This was in my law-abiding time, in the early stages with Mrs C.

I
n the final stage with Mrs C, I made an appearance on her croquet lawn, burnt naked and caked in blood. Sizzled flakes of flesh and cloth flew off us all, spikes of our clotted hair snapped off. None of us was normal. Dan, tied on behind me, was making hooting noises in the wind.

All through those days of thirsty hiding, of guzzling blood and lurching in fires, I’d pictured her juicy green lawn. So the four of us, doubling up on two charred and limping horses, waving shaky guns, appeared like a mad nun’s nightmare in the home paddock of Mrs C.

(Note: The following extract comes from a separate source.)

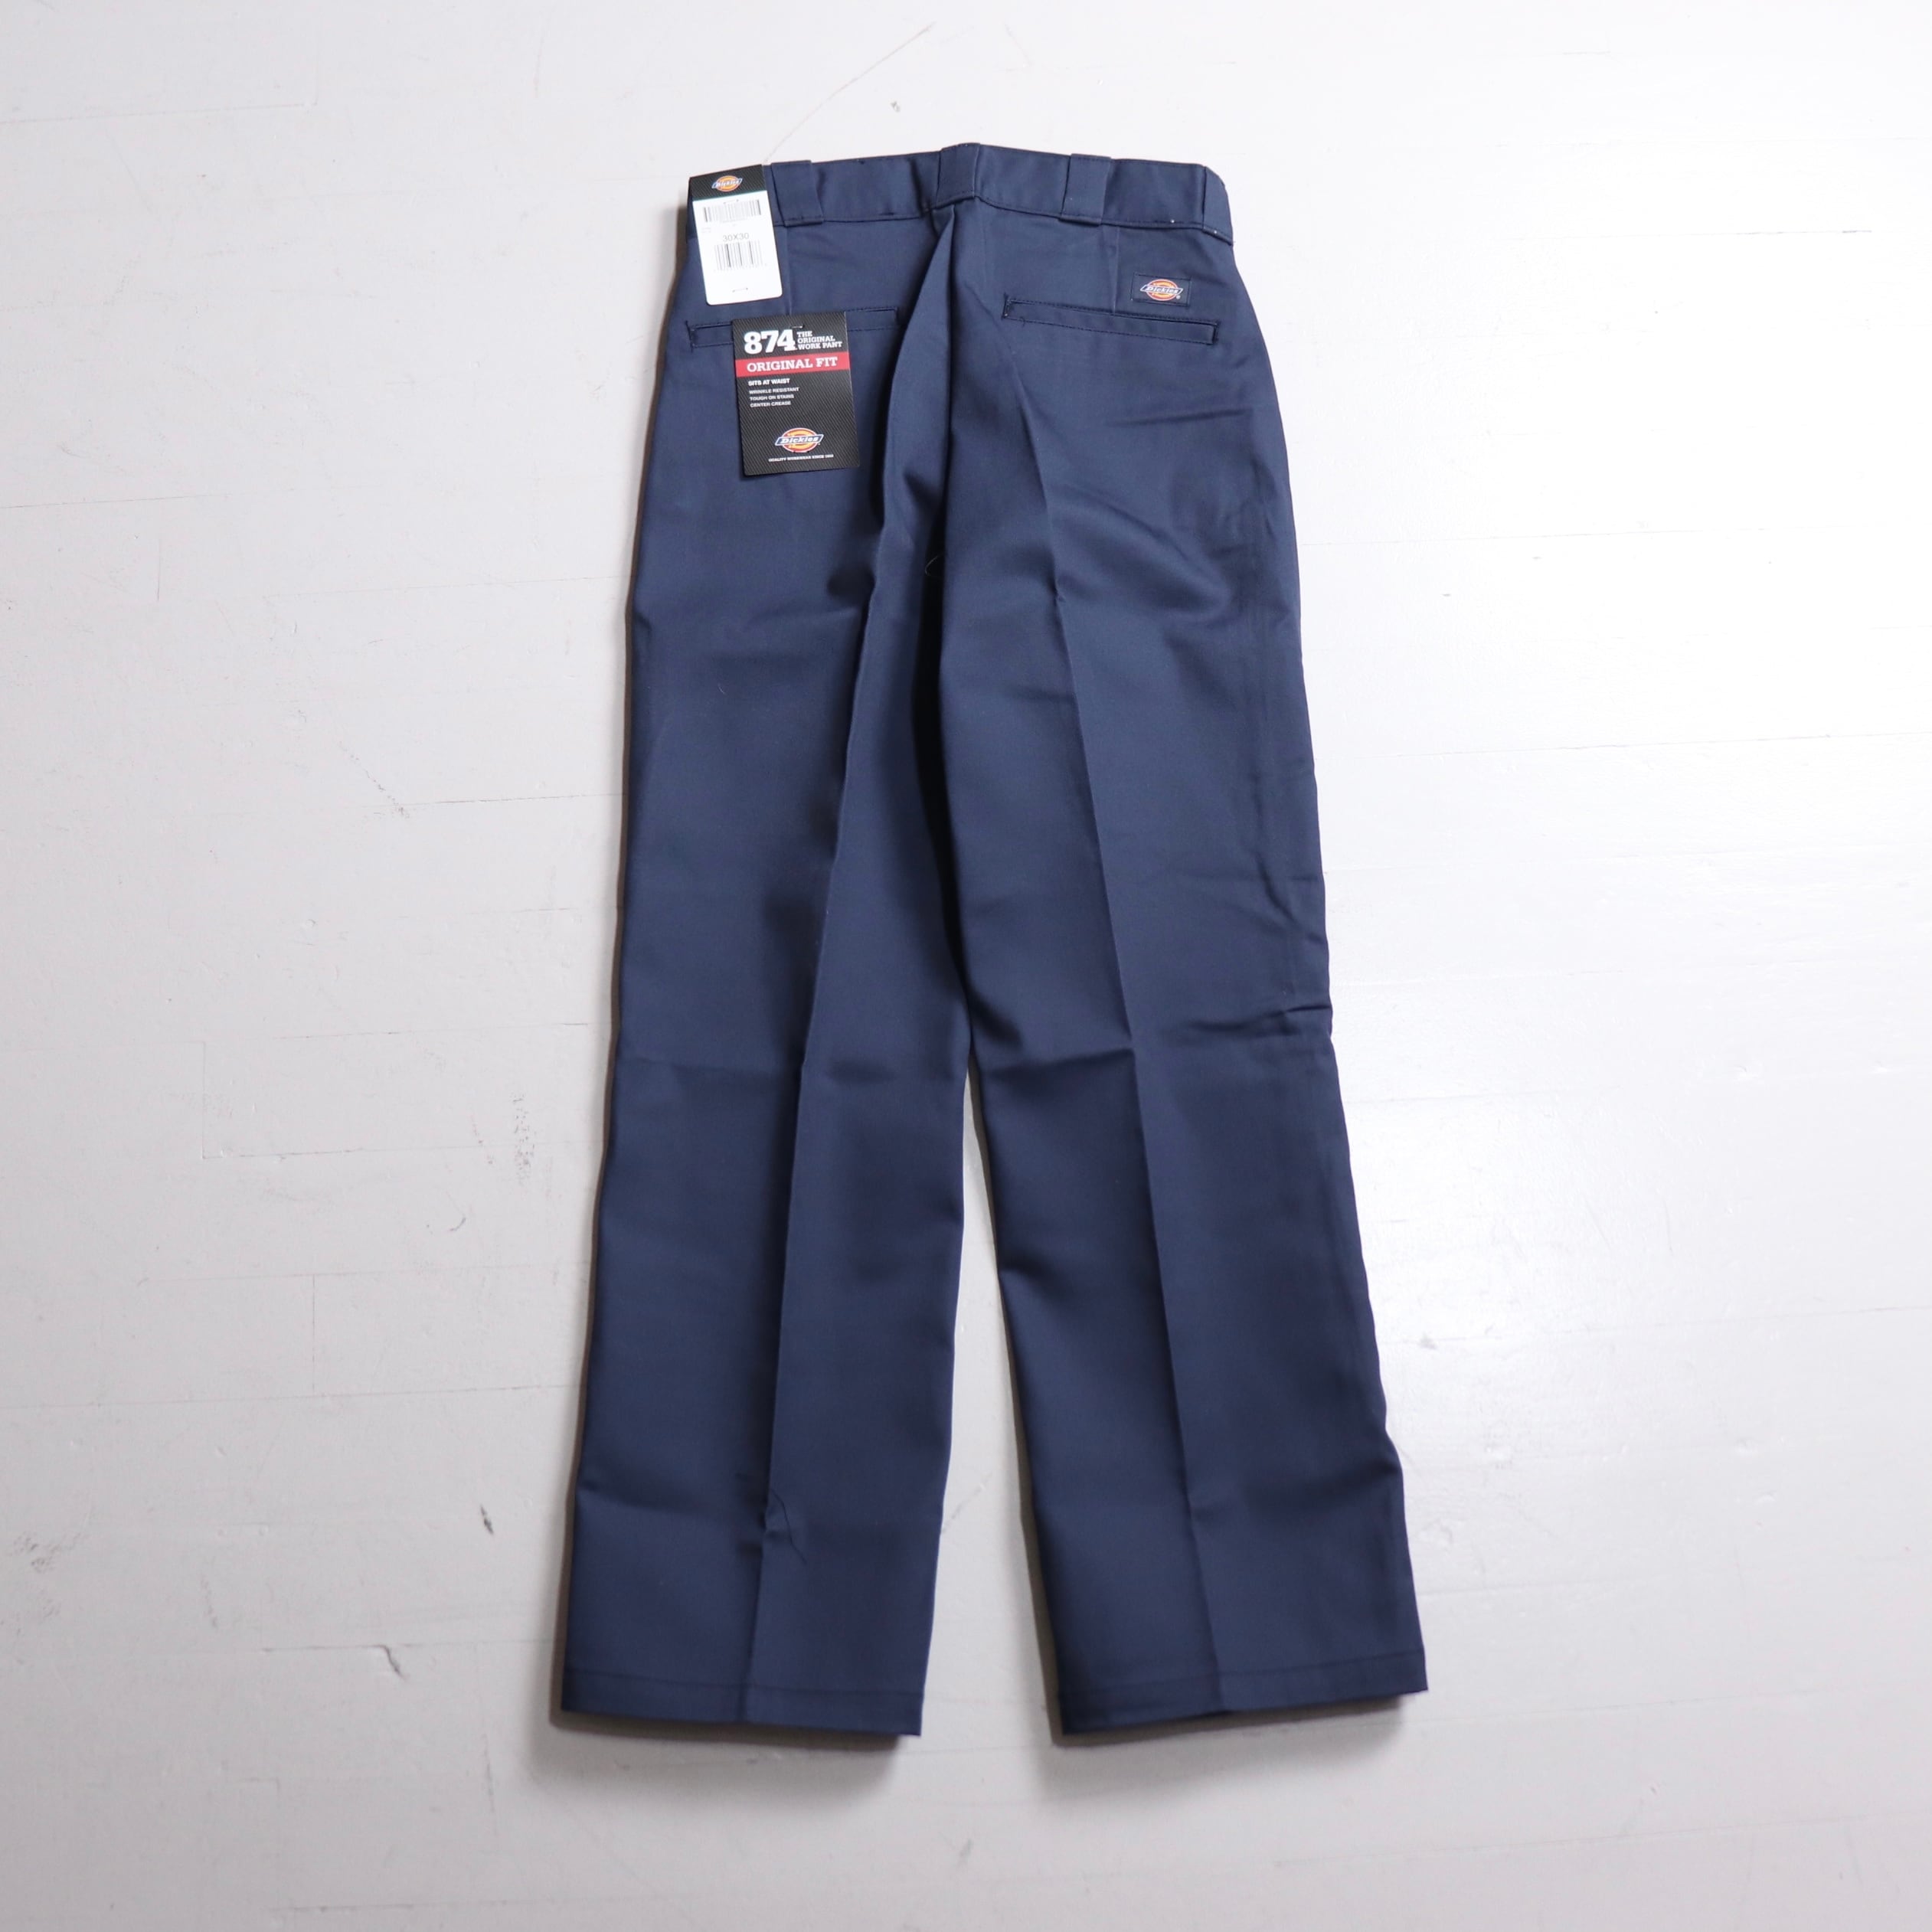 Dickies 874 NAVY Orignal Fit ワークパンツ　W38

This was a week or so after Hare’s men poisoned our dam with three strychnine-baited pigs and a decomposed roo or two, then set alight our hideout country to flush us out. A hot February drought, with the bracken and wattle undergrowth drier than touchpaper and all the streams lower than mud. Fires surged along the gullies and up across the ridge in separate bright gashes like cutlass wounds. As the main fire came up on us on the nor’westerly we fled our hut with a neck-bag each of dubious water and the four relief horses carrying hasty packs. Panic flowed in waves from horse to smoking horse and back. In the smoke and noise, Dan’s mare Erina stumbled and Dan led her on foot in giddy spirals until we found them half-buried in the silt of what had been Six Fingers Creek sucking river stones and with their hair on fire from the ash of weeping-willow leaves.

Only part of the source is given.